# Data records
================================

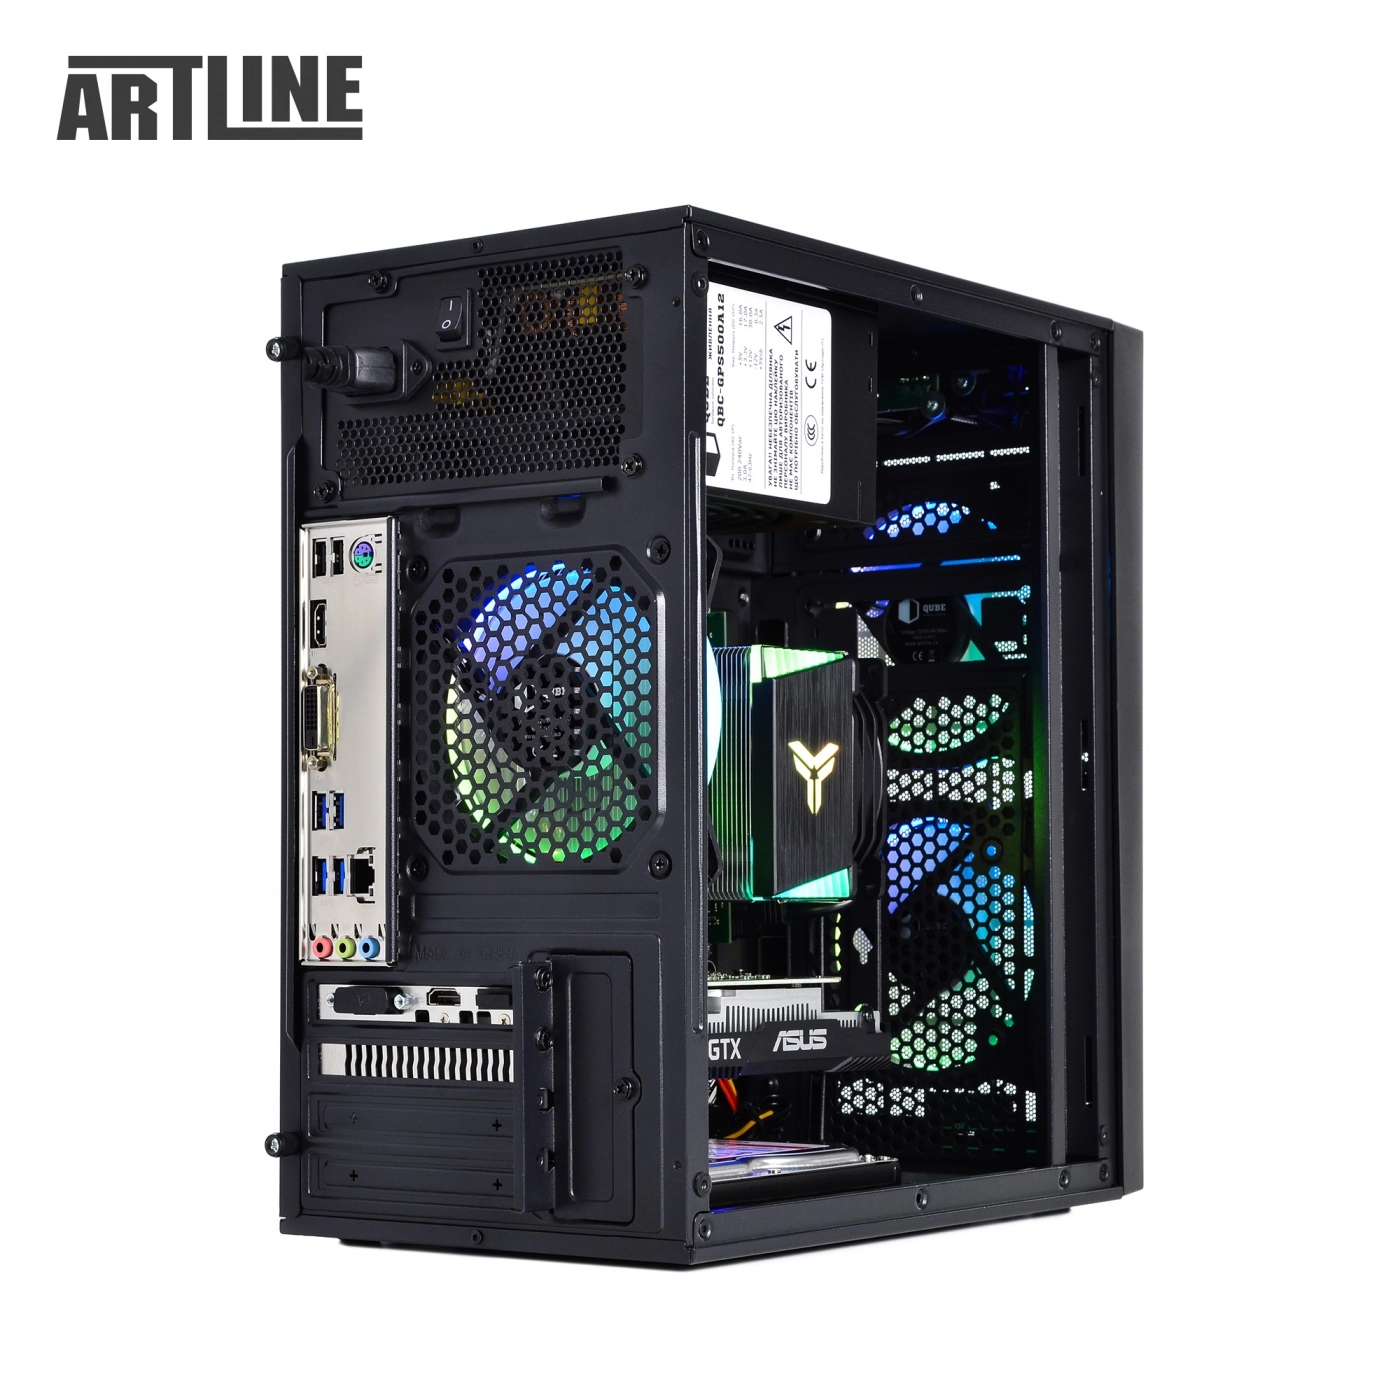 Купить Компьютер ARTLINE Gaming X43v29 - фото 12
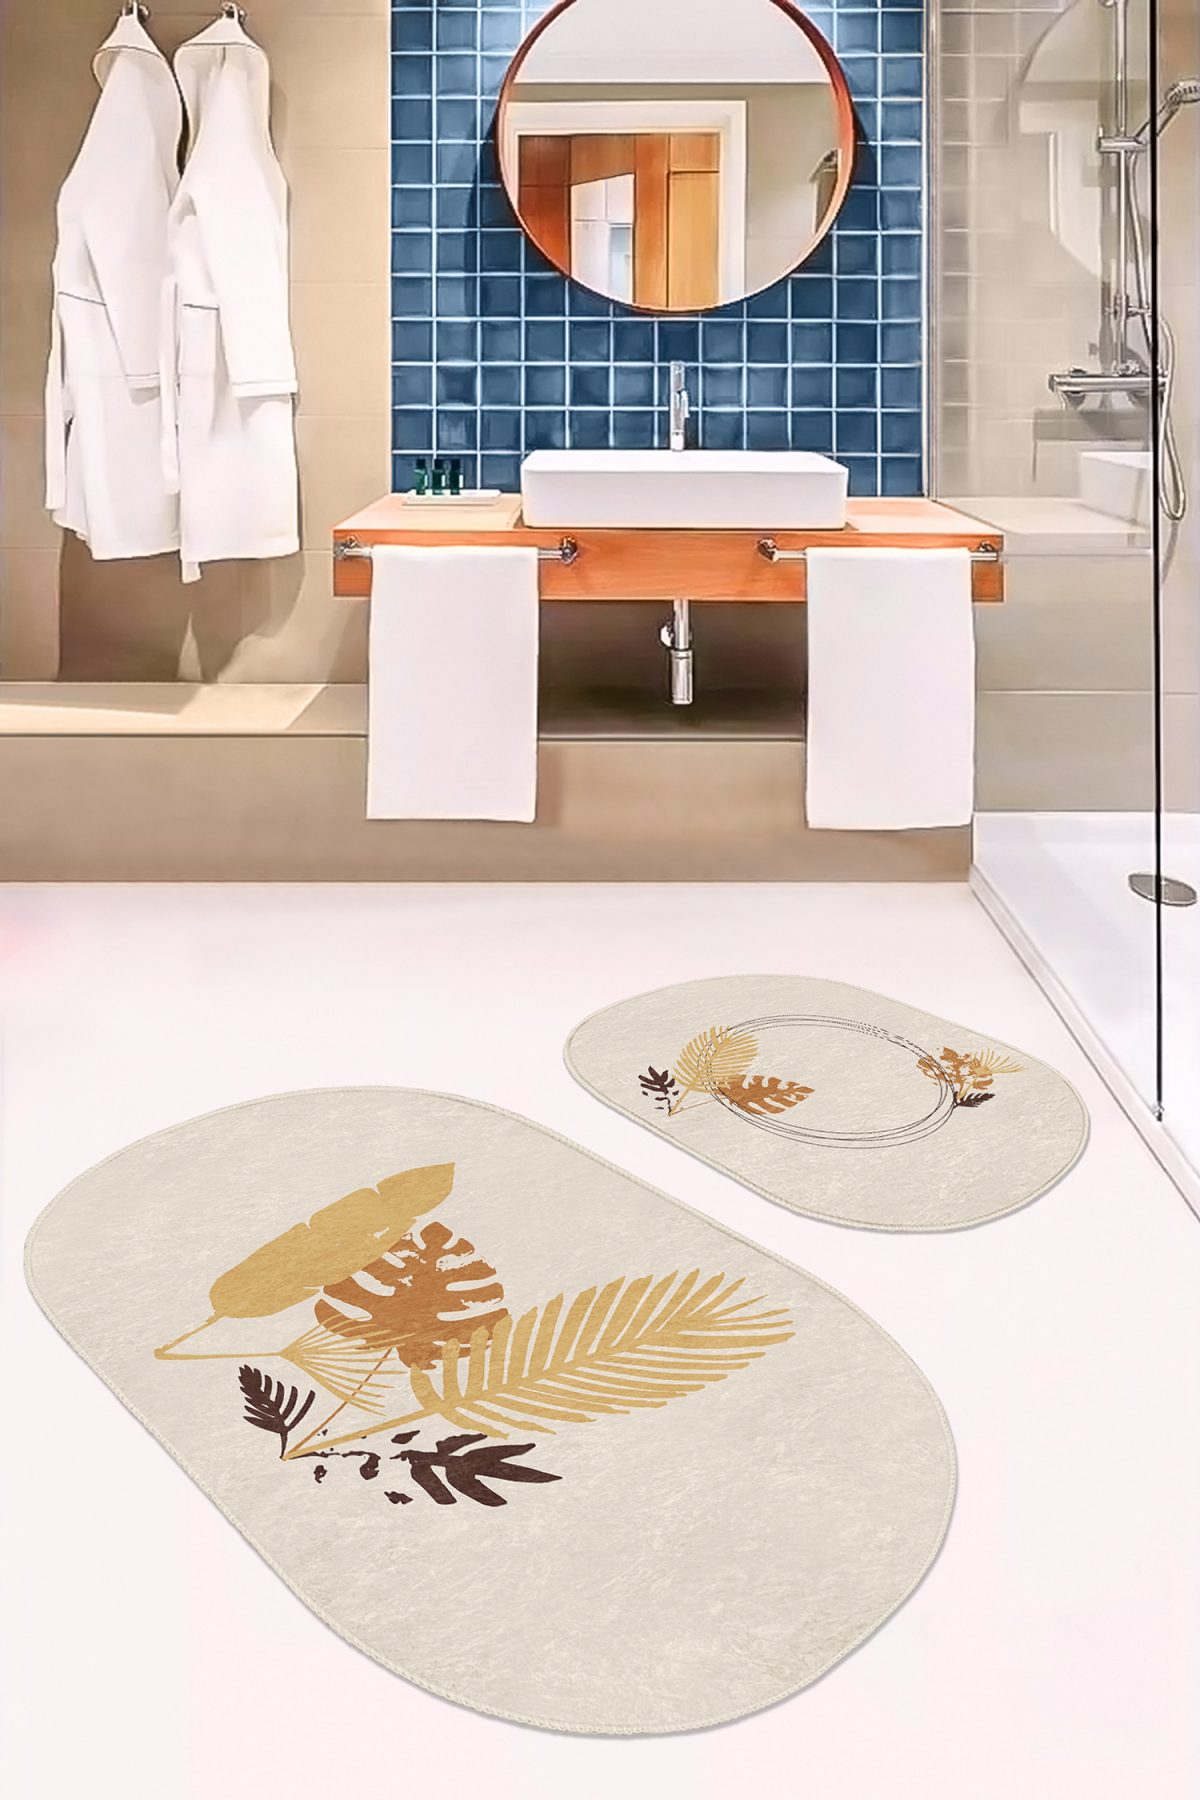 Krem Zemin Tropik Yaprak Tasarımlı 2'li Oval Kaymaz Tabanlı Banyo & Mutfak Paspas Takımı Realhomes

================================

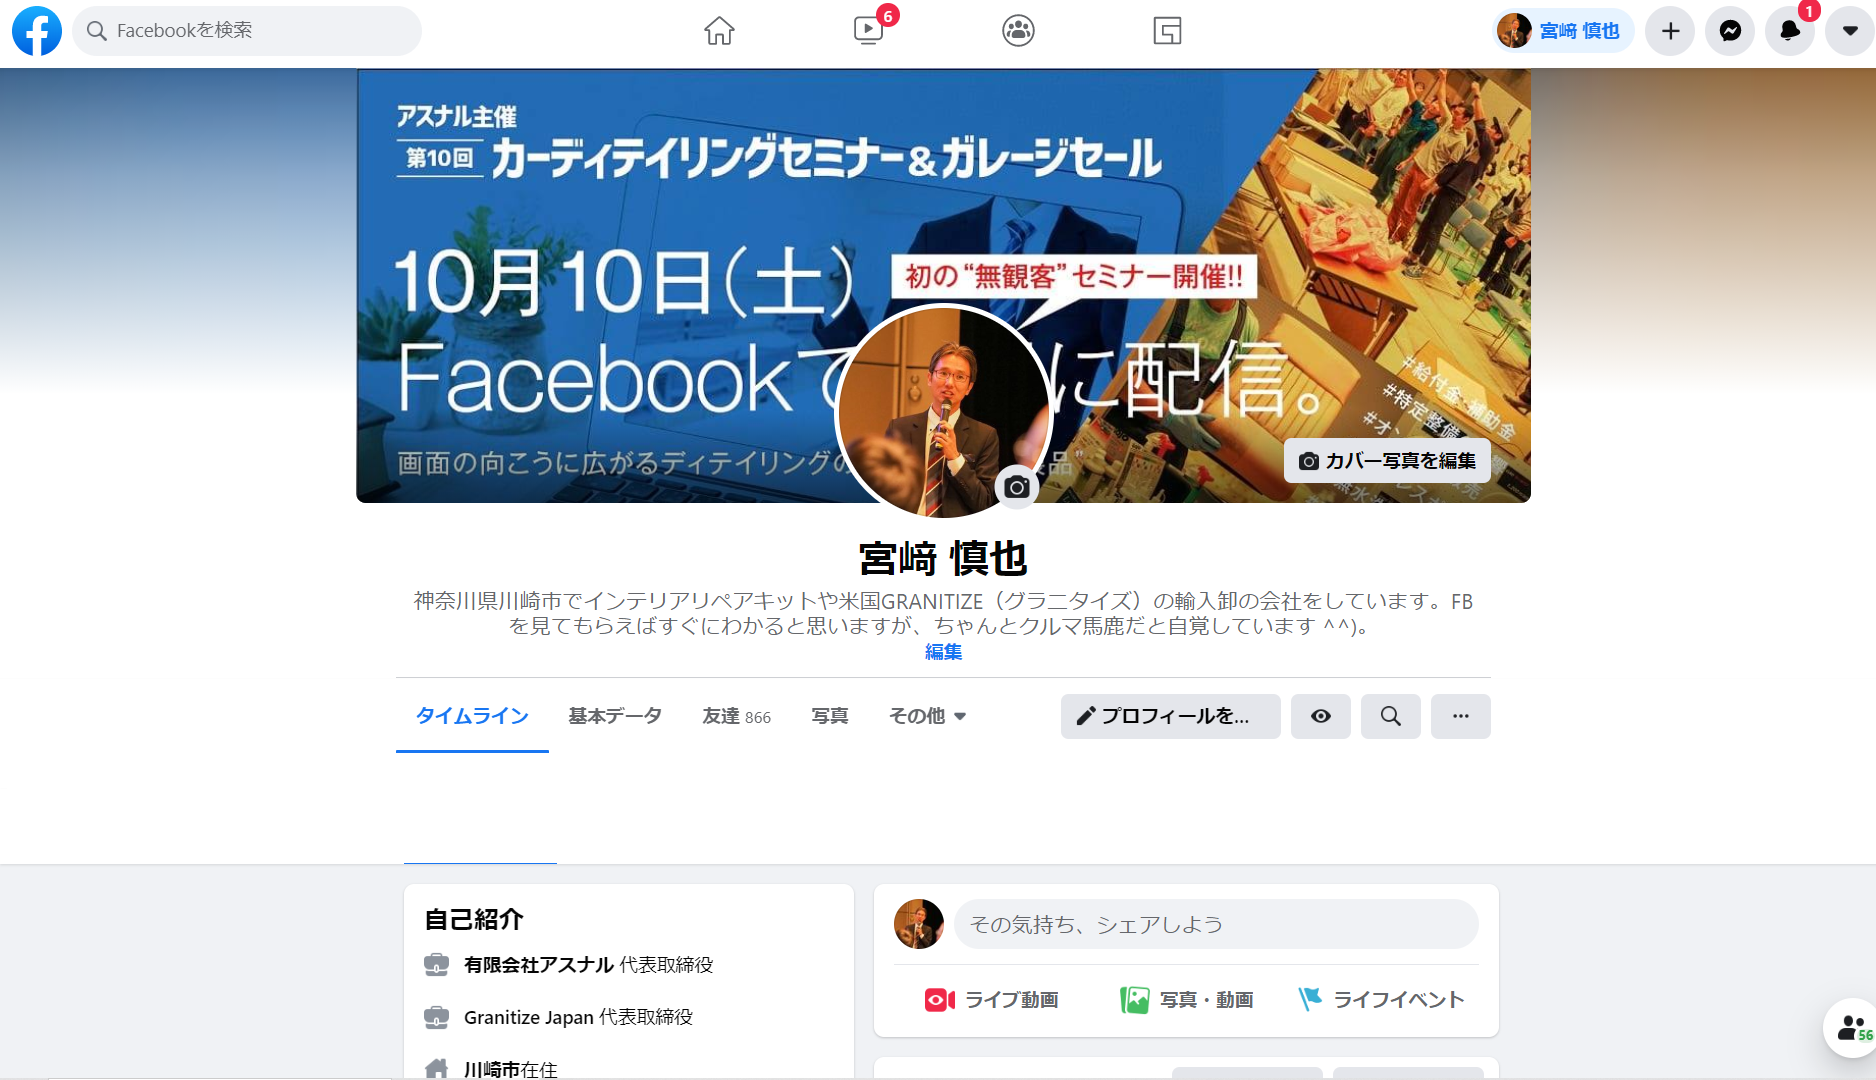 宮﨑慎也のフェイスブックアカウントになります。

================================

# What the task asks
Write back word for word every line in the entries above from the one with "Купить Компьютер ARTLINE" to the one with "Krem Zemin Tropik", ends included, and none of the pictures.

# Exercise output
 Купить Компьютер ARTLINE Gaming X43v29 - фото 12
 Krem Zemin Tropik Yaprak Tasarımlı 2'li Oval Kaymaz Tabanlı Banyo & Mutfak Paspas Takımı Realhomes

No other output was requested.